Minimum Wage vs. Ratio of Unemployment Rates, 1950-Jan 2013

A.  Introduction

In his State of the Union speech last month, President Obama called for a rise in the federal minimum wage from the current $7.25 per hour to a new rate of $9.00 per hour.  This would be a 24% increase, but would still mean that someone working full time, 40 hours per week, 52 weeks a year (no vacation), would earn only $18,720 a year.  Such a full time worker would still be earning well less than the current federal poverty line for a family of four of $23,050 per year.  The proposed increase is modest.

Republican leaders nonetheless immediately denounced the proposal, asserting that raising the minimum wage would hurt, not help, the poor, as they would lose their jobs.  They assert that instead of seeing an increase in their wage, the minimum wage workers would be fired.  And unlike in many other areas (such as the impact of fiscal policies) the Republican leadership here is making an argument that one would find in an introductory economics course.  Elementary economics would indeed argue that in perfectly competitive markets, an increase in the minimum wage would lead to such workers losing their jobs rather than being paid more.

B.  Have Increases in the Minimum Wage Led to Higher Unemployment of Such Workers in the Past?

But what is the evidence?  If increases in the minimum wage lead to such workers being fired, one would see higher unemployment among such workers very quickly in the months following each increase in the minimum wage in the past.  The graphs above show what in fact has happened.

The first graph shows the federal mandated minimum wage since 1950, in real inflation adjusted terms (using the CPI), plus the unemployment rates for all workers and separately for workers aged 16 to 24.  The data comes from the Bureau of Labor Statistics, but was downloaded for convenience from FRED, the Federal Reserve Economic Data web site maintained by the Federal Reserve Bank of St.
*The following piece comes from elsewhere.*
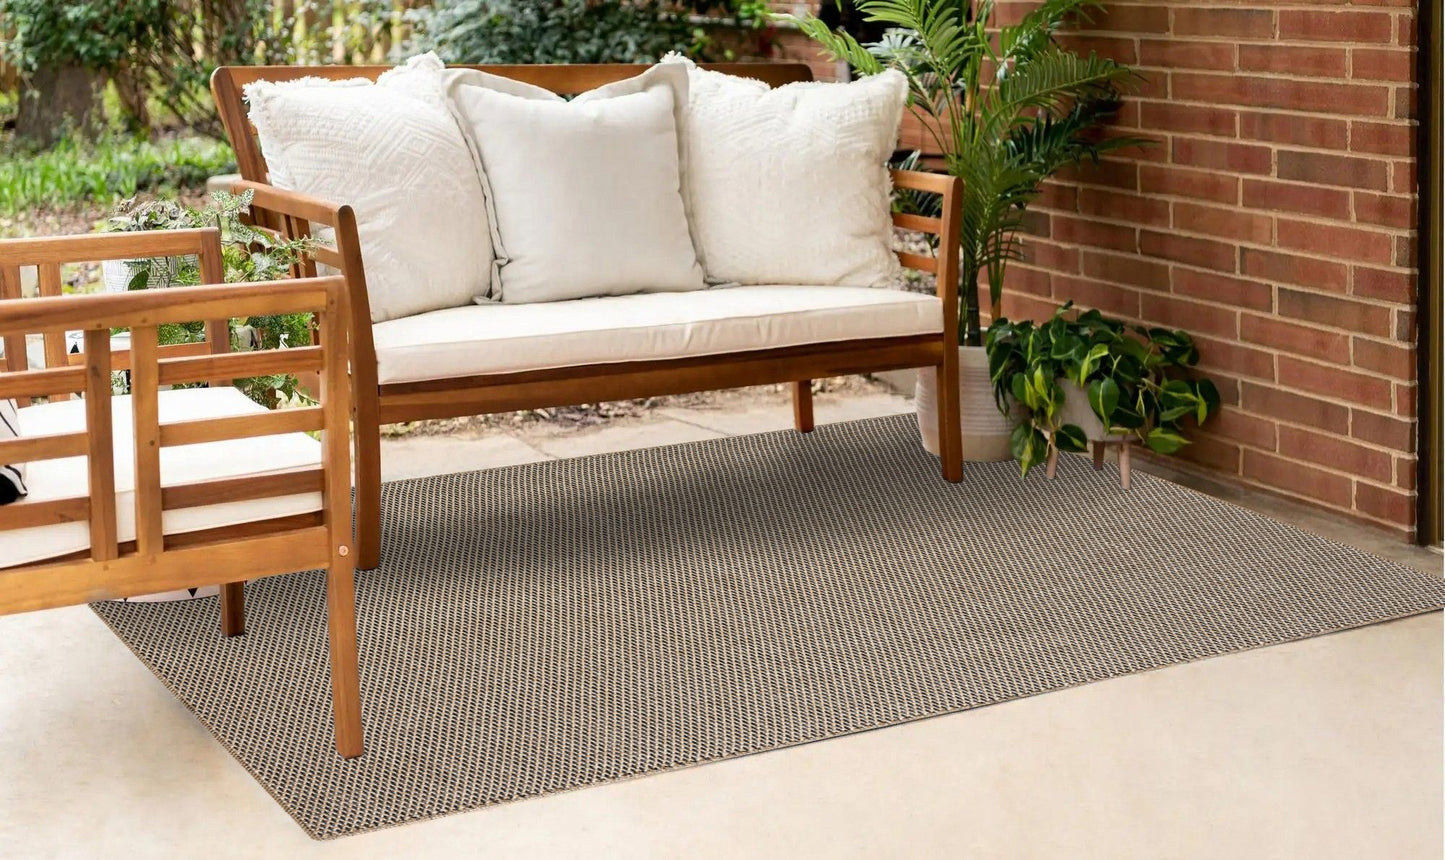 Friolero 2575 - Carpet (80 x 300)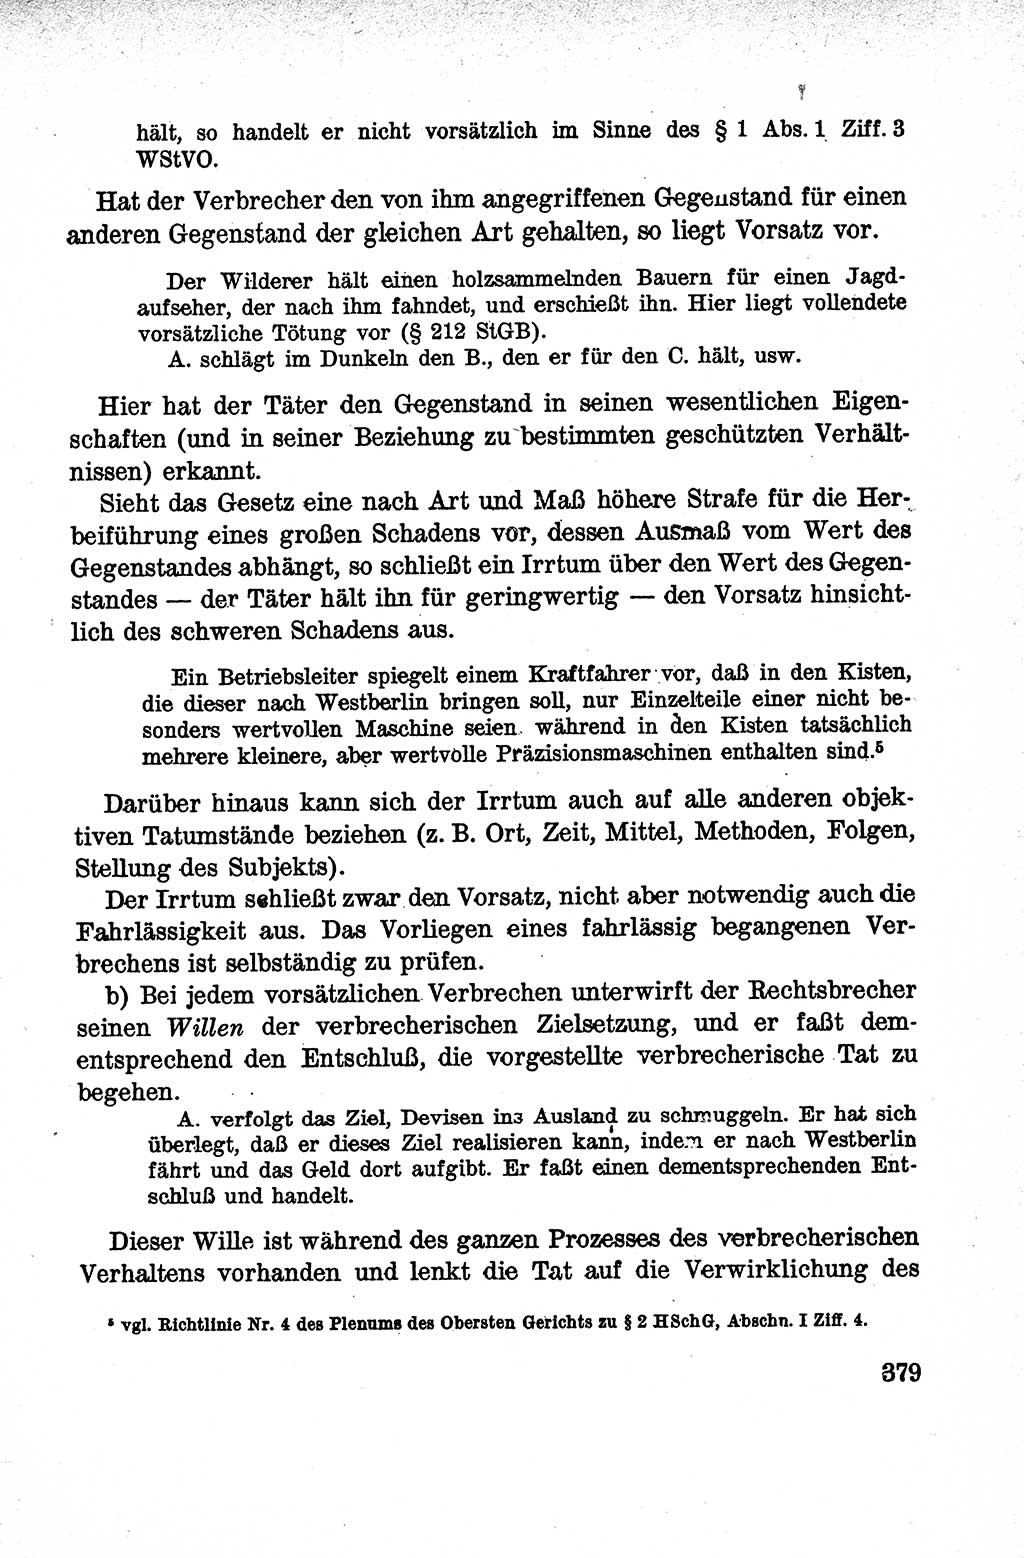 Lehrbuch des Strafrechts der Deutschen Demokratischen Republik (DDR), Allgemeiner Teil 1959, Seite 379 (Lb. Strafr. DDR AT 1959, S. 379)

Louis.  The unemployment rate for workers aged 16 to 24 is shown separately as one would expect that increases in the minimum wage would increase unemployment especially sharply in that group, if the assertion is correct that increases in the minimum wage lead to such workers losing their jobs.  Approximately 51% of the hourly wage workers earning the minimum wage are in this 16 to 24 age group.

First of all, it is worth noting that the minimum wage, when adjusted to reflect general inflation, is a good deal lower now than a half century ago.  It reached a high (in prices of January 2013) of $10.82 in February 1968, and lows of $6.02 in March 1990 and $5.75 in June 2007.  It averaged close to $9.00 an hour over the twenty-five years of 1957-81 (inclusive), and is only $7.25 currently (almost 20% less).  The Obama proposal is modest, as he has only asked Congress to bring it back to that $9.00 an hour, the rate of a half century ago.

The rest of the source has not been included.